Though Verizon pitched discounts and promotions over the holiday shopping season, the carrier has refused to follow T-Mobile and Sprint Corp. in offering unlimited data plans -- a popular feature with consumers but a drag on profits. That strategy could change under new Chief Financial Officer Matt Ellis.

“We continue to look at what we need to be competitive in the market. All options are on the table,” Ellis said in an interview. “We will get a premium price for a premium service. Our offerings will evolve over time. One thing I’m sure of is that we’ll continue to be very competitive and have very good results.”
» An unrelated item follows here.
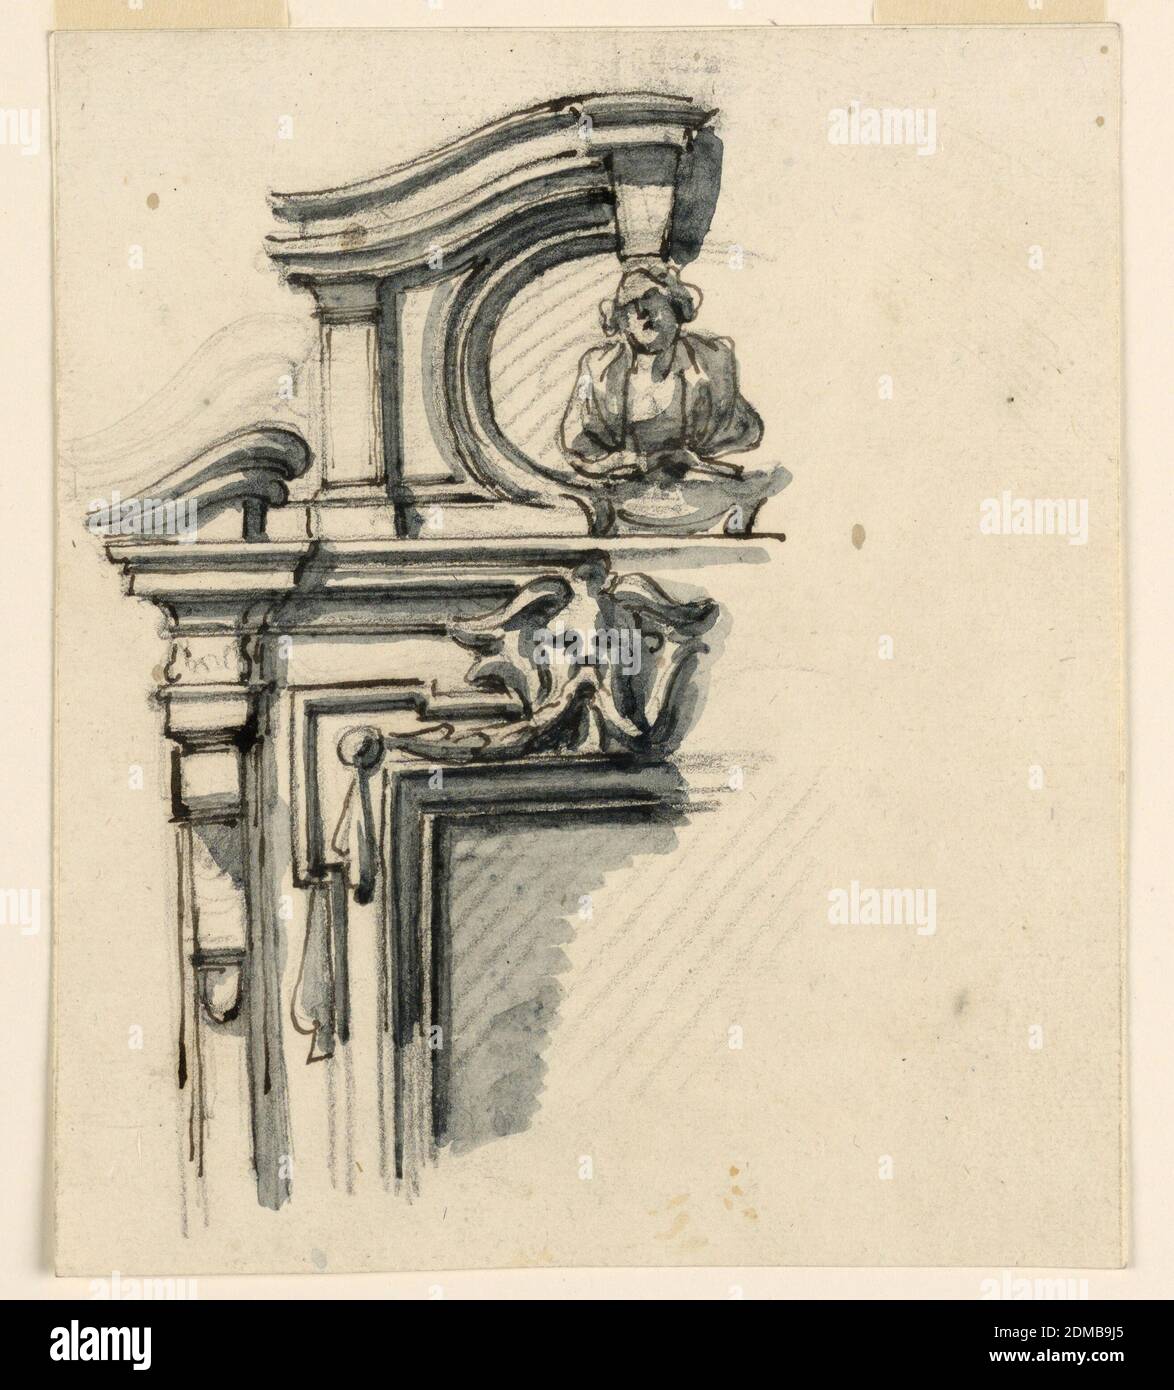 Window Case, Filippo Marchionni, Italian, 1732–1805, Charcoal, pen and ink, brush and dark brown watercolor on laid paper, Broken pediment with very small cornices. The attic of the central part has an opening in which a bust rests. Above the window frame is a mask., Italy, 1740–70, architecture, Drawing Stock Photo

Compounding the challenges, Verizon’s efforts to remake itself are off to a rocky start. Go90 hasn’t been a blockbuster with viewers. The mobile streaming service cut 155 staff late last week, with the most affected working out of the main go90 office in San Jose, California.

Meanwhile, Yahoo said Monday the sale of its main web operations to Verizon has been delayed until next quarter to meet closing conditions while the company recovers from the disclosure of massive hacks to its user accounts. Verizon is exploring a price cut or possible exit from the pending acquisition that was valued at $4.83 billion when it was announced in July, a person familiar with the matter said in December.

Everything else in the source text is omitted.